Frequently asked questions

Do I need to use both MACsec and egress ACLs on the same interface?

No. If your security architecture permits, consider deploying MACsec on one set of interfaces and egress ACLs on another to avoid this policy enforcement gap. Alternatively, use MACsec alone if layer 2 encryption suffices, or use ACLs alone if MACsec is not required. Separation simplifies troubleshooting and eliminates this particular vulnerability.

Will I see a warning in EOS logs if ACL enforcement fails?

Not necessarily. The vulnerability manifests as silent policy non-enforcement: packets may be allowed or denied without generating alerts. Audit egress traffic explicitly by comparing observed flows against your ACL rules. Use NetFlow, syslog analysis, or packet capture on egress interfaces to verify that policies are applied as intended.

What is the difference between this issue and normal ACL misconfiguration?

This vulnerability is a software defect in Arista EOS, not a misconfiguration error. Even if your ACL rules are correctly written, the EOS kernel fails to enforce them when MACsec is active on the same port. Correctly configured ACLs will appear to not work; the bug is in the platform, not your policy logic.

Is this vulnerability exploitable remotely without network access?

The CVSS vector lists AV:N (Network-Accessible), but practical exploitation depends on your network topology. An external attacker would need to send traffic destined for egress filtering. In-network or network-adjacent attackers have clearer line of sight. The vulnerability does not require authentication, but the attacker must be able to send packets toward your EOS device and observe or benefit from the policy bypass.

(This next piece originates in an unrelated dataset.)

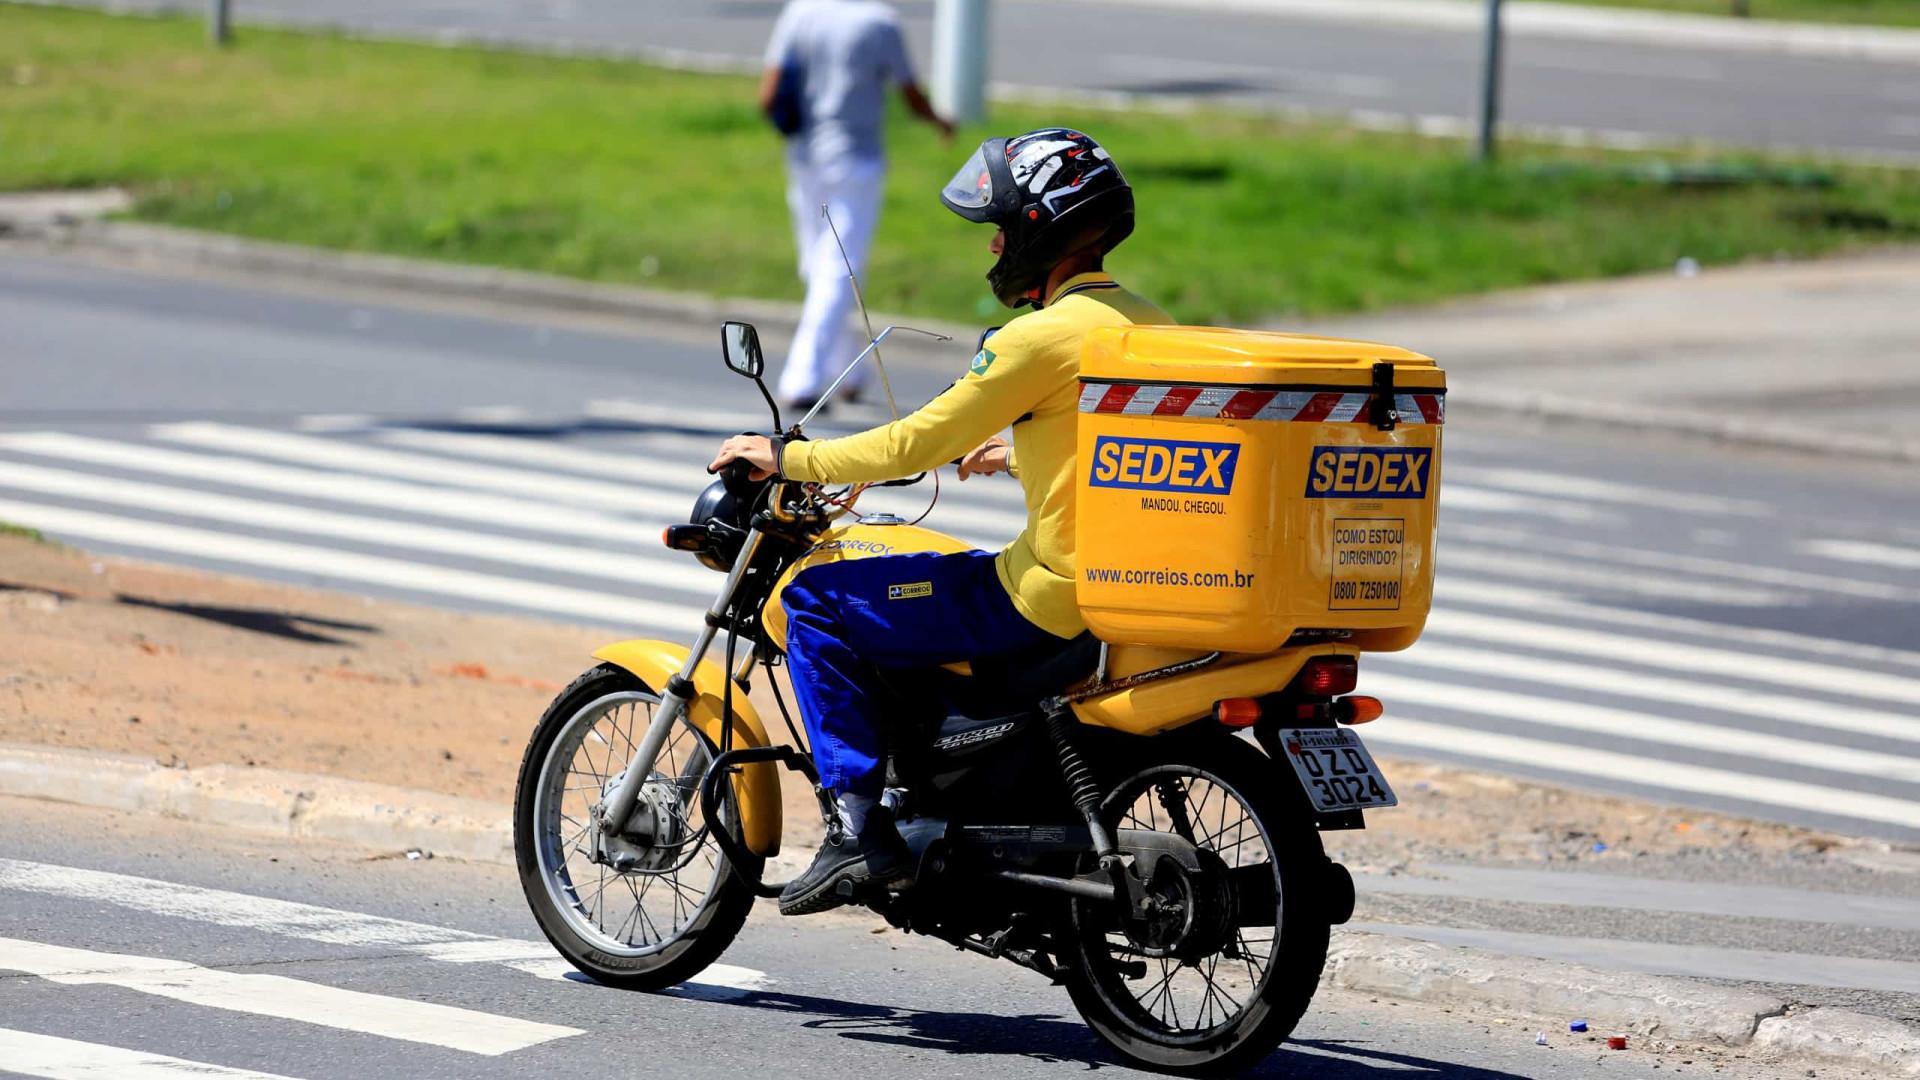 PF combate, no Rio, furtos de encomendas nos Correios

This analysis is based on the CVE record and publicly available vendor information as of the publication date. No exploit code or proof-of-concept is provided. Organizations should verify patch availability and applicability with Arista before assuming specific versions are affected or resolved. This vulnerability is not currently listed in CISA's Known Exploited Vulnerabilities catalog. Security decisions should incorporate your organization's risk tolerance, network architecture, and compliance requirements. Source: NVD (public-domain), retrieved 2026-07-07. Analysis generated by SEC.co (claude-haiku-4-5).